The waste of effort about such items as rifles inclusive of “assault rifles” and magazine bans is just that: an avalanche of misspent time, money, and debate. Rifles are such a proportionally small part of the picture in the first place and neither the many millions of semi-automatic rifles much less the tens of millions of standard capacity magazines in circulation are in any way controllable.

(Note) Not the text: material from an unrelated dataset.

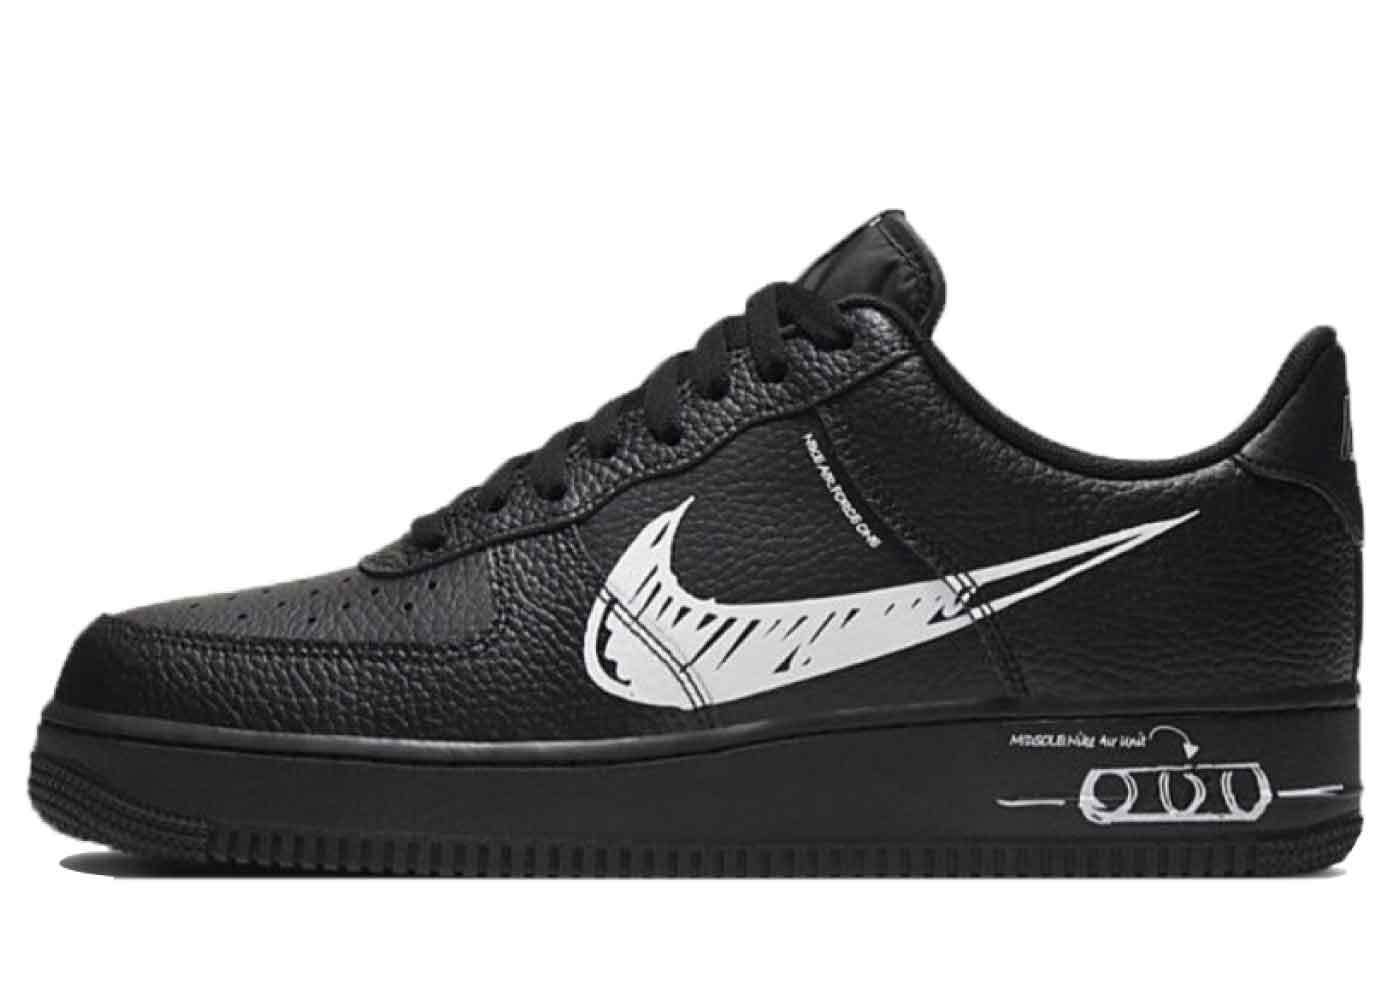 Nike Air Force 1 Low Utility Sketch

From the myopic view of Washington, things are not what they appear. In rural areas, semi-automatic rifles may well be the only reasonable tools to protect yourself and your property from human and animal predators. It cannot be considered unreasonable for a farmer or rancher to protect his livestock and equipment from predation and theft. Additionally, consider the narcotics trade that is quite well-armed and runs across the 1933 miles of Mexico / U.S. border. 1241 of those border miles touch Texas, with Arizona second at 373 miles. The landscape and situation is far different than Mayberry.
Contrary to what some people seem to think, according to United States Bureau of Justice Statistics figures, the rate of violent crime victimization in the United States declined by more than two thirds between the years 1994 and 2009. At about 16.9 victimizations per 1000 persons, the U.S. has roughly half the violent crime rate of Great Britain. Certainly there is more gun crime in the U.S., but our British friends do far more than just compensate for it by other means: they have practically doubled it.

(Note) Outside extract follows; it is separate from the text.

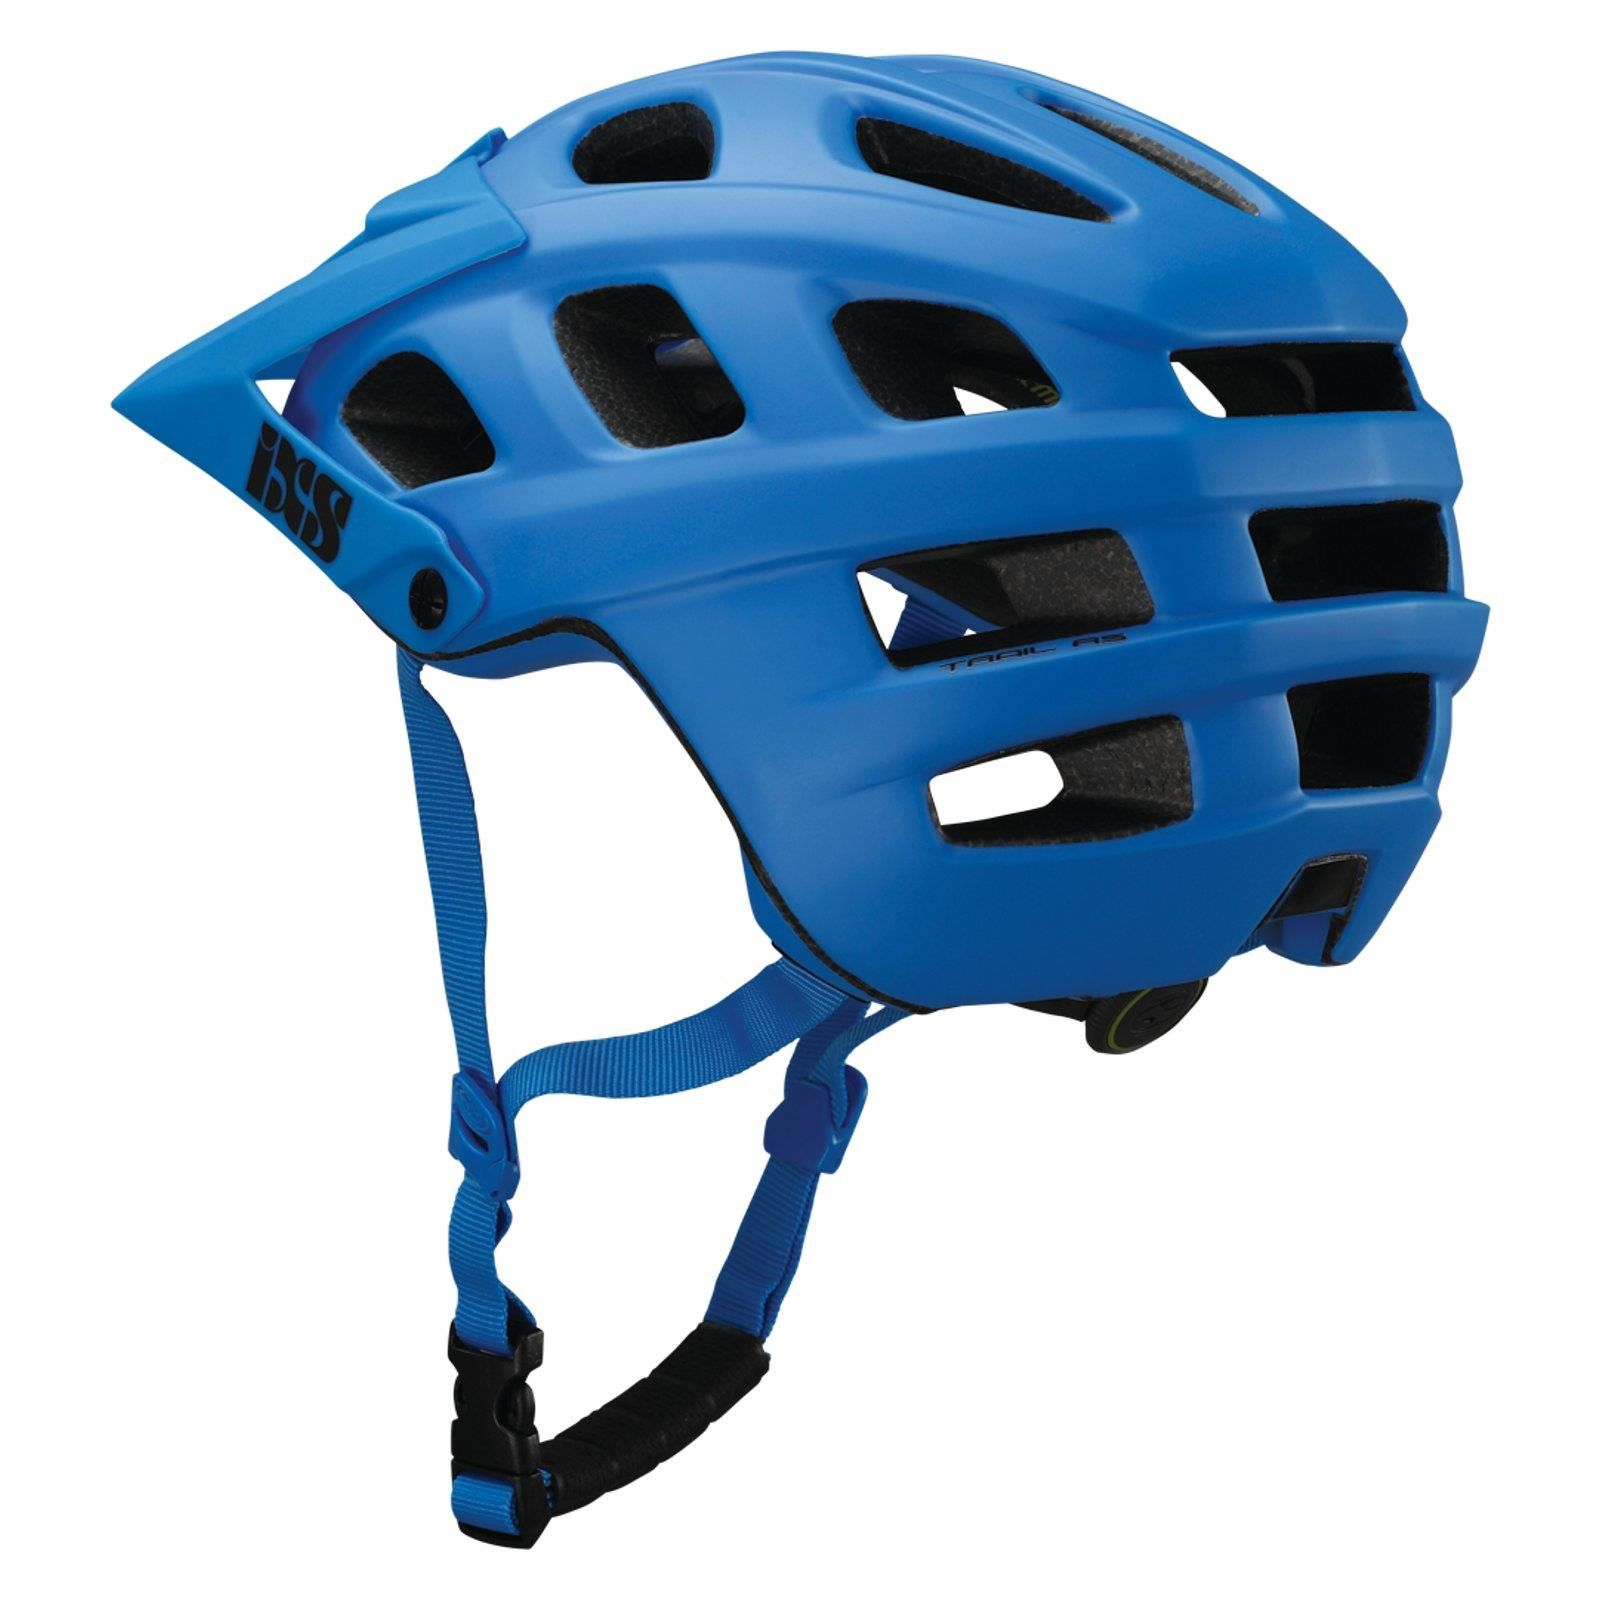 Ixs Trail Rs Evo Fahrrad Helm All Mountain Bike Am Mtb Enduro Dh Downhill Inmold Enduro Mtb All Mountain Bike Bike

So it goes with terrain, population density, population age, and countless other factors. The second largest city in Illinois is Aurora, only about forty miles west of Chicago. Aurora, Illinois has everything that Mayor Rahm Emanuel of Chicago and some Washington politicians want to strip away from law-abiding citizens. Yet, the city of Aurora has managed to curb their homicide rate through a mix of efforts from community groups, schools, and local law enforcement including massive sweeps on gang members and drug dealers. In 2012, Aurora, Illinois had exactly zero homicides. Assault rifle bans, magazine bans, theoretical “universal” background checks, or closing mysterious loopholes had nothing to do with it.

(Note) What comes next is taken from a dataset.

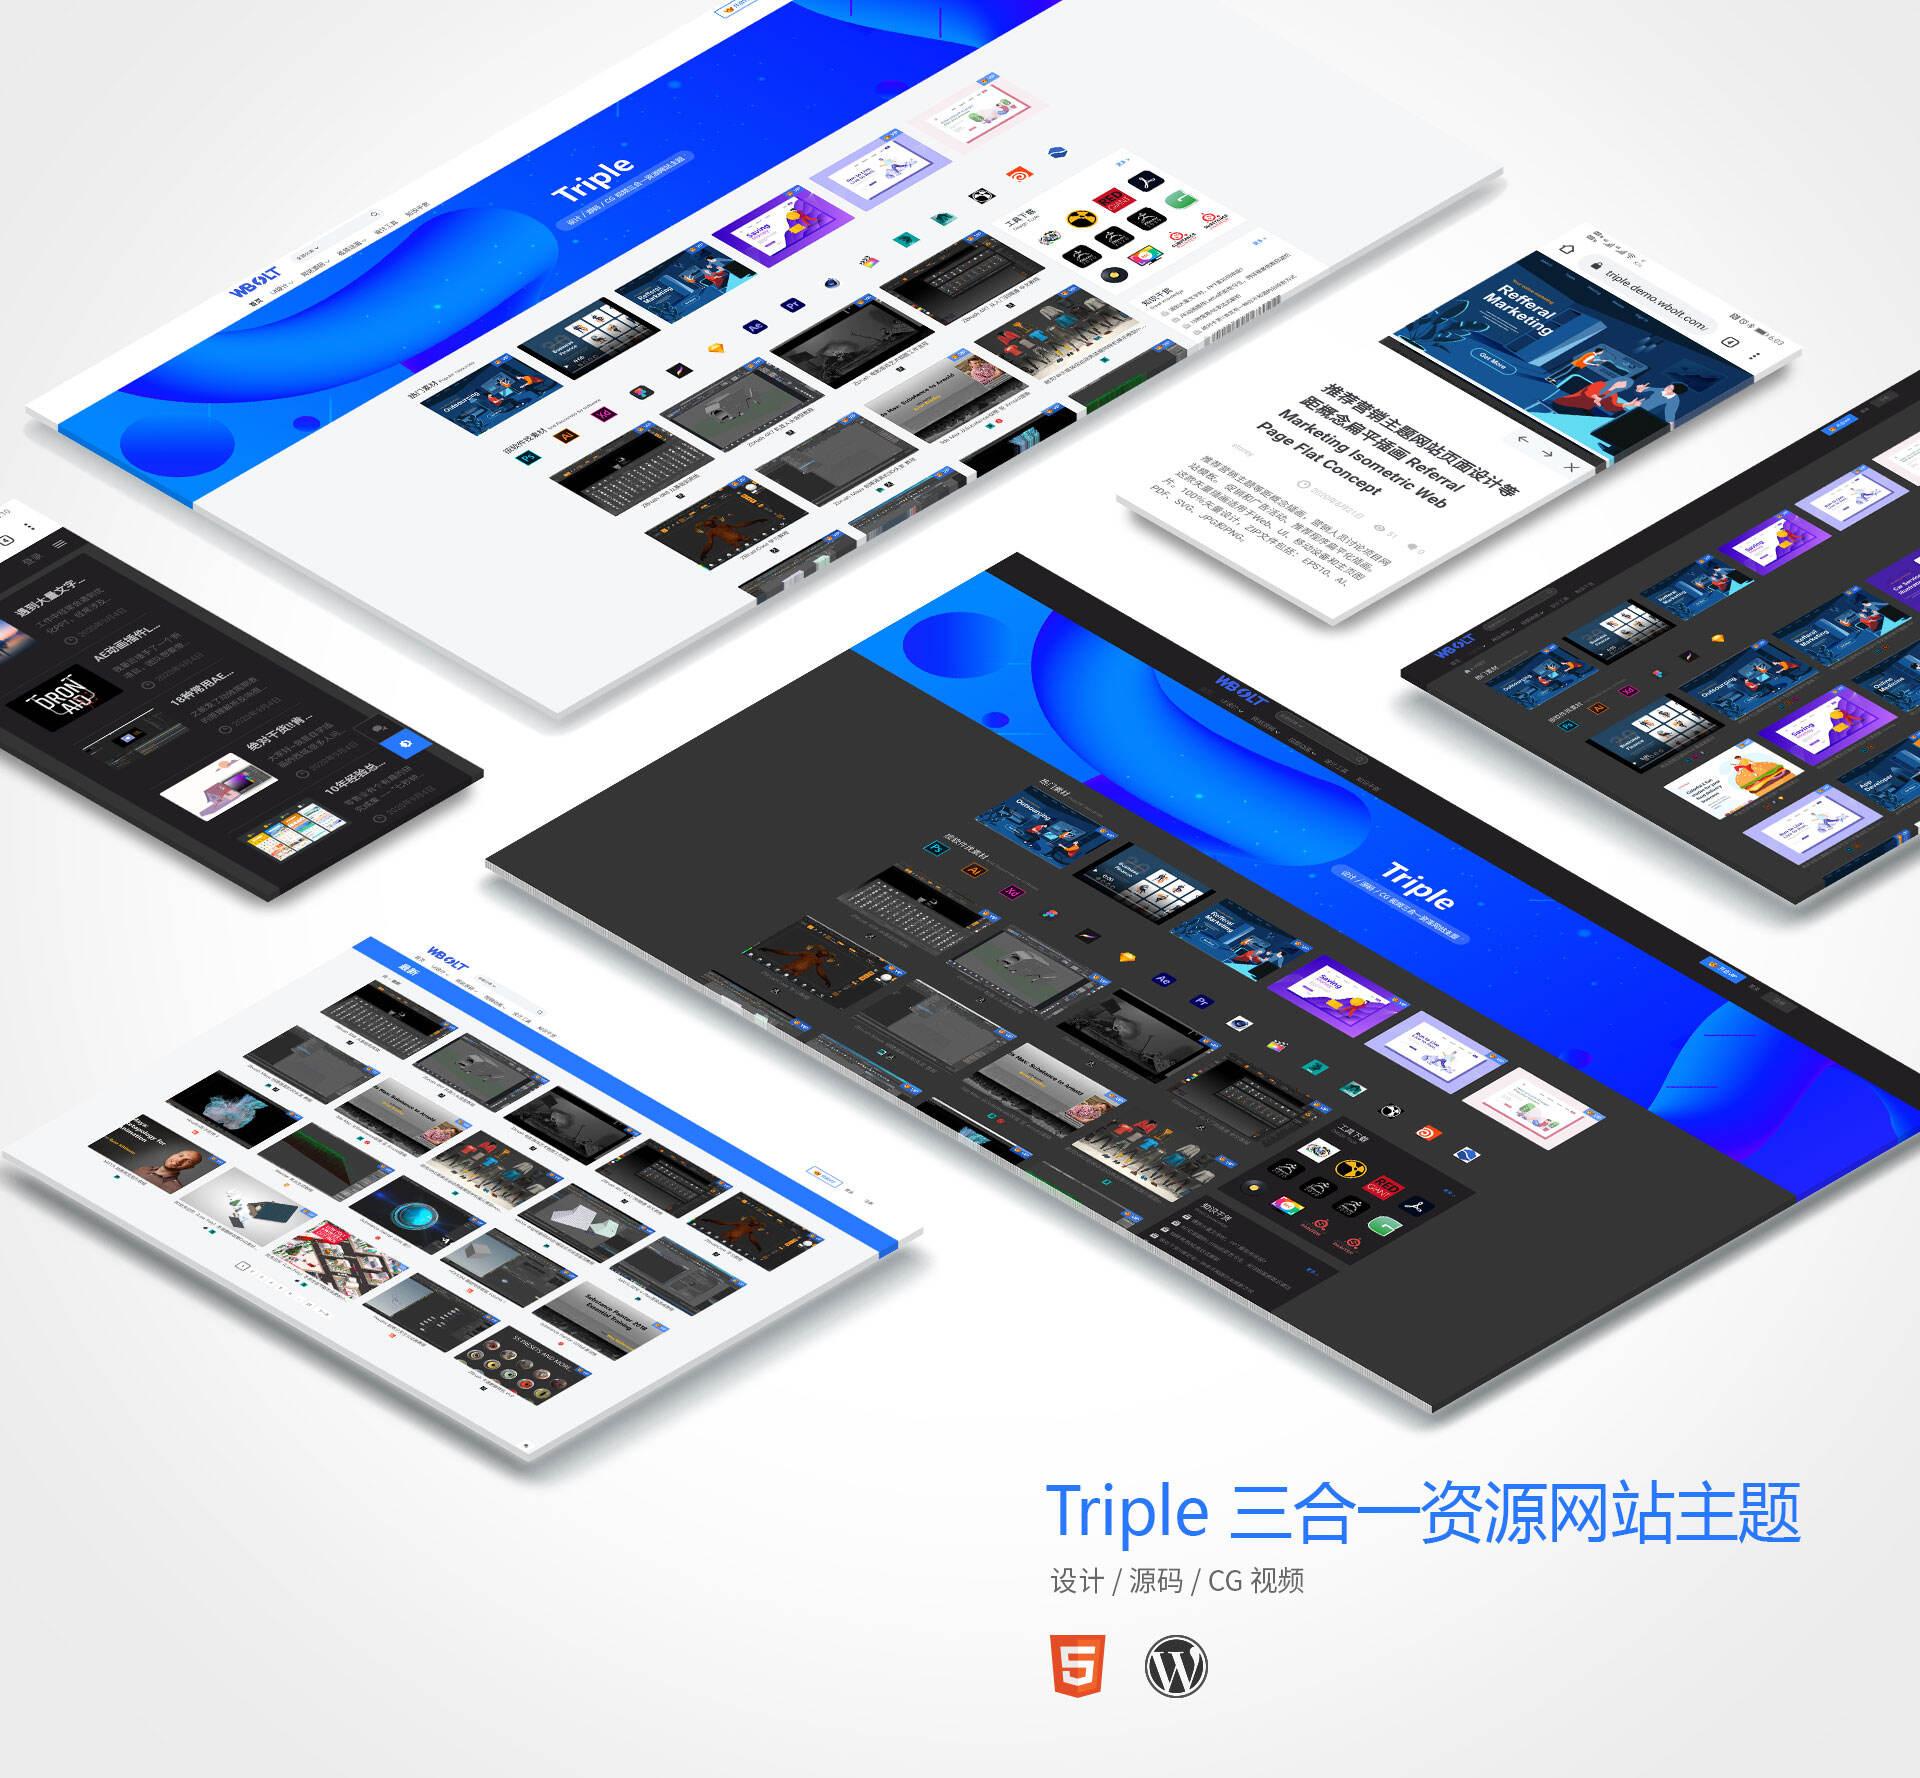 Triple-设计/源码/CG视频三合一WordPress资源站主题插图

Things like community involvement, neighborhood watch, partnering schools with law enforcement, citizen awareness . . . all of these things take time and group effort. Though lacking the zest of yet another feel-good law, the results are often far more substantial and long-lasting. It also requires no intentional disregard or disrespect of the Constitution of the United States of America, either. There are reasonable approaches to violence control, which is exactly the point, or should be. They require more effort than just making pieces of paper, more thought than spastic knee-jerking, and comprehension that extends well beyond a meaningless fascination with plastic box magazines.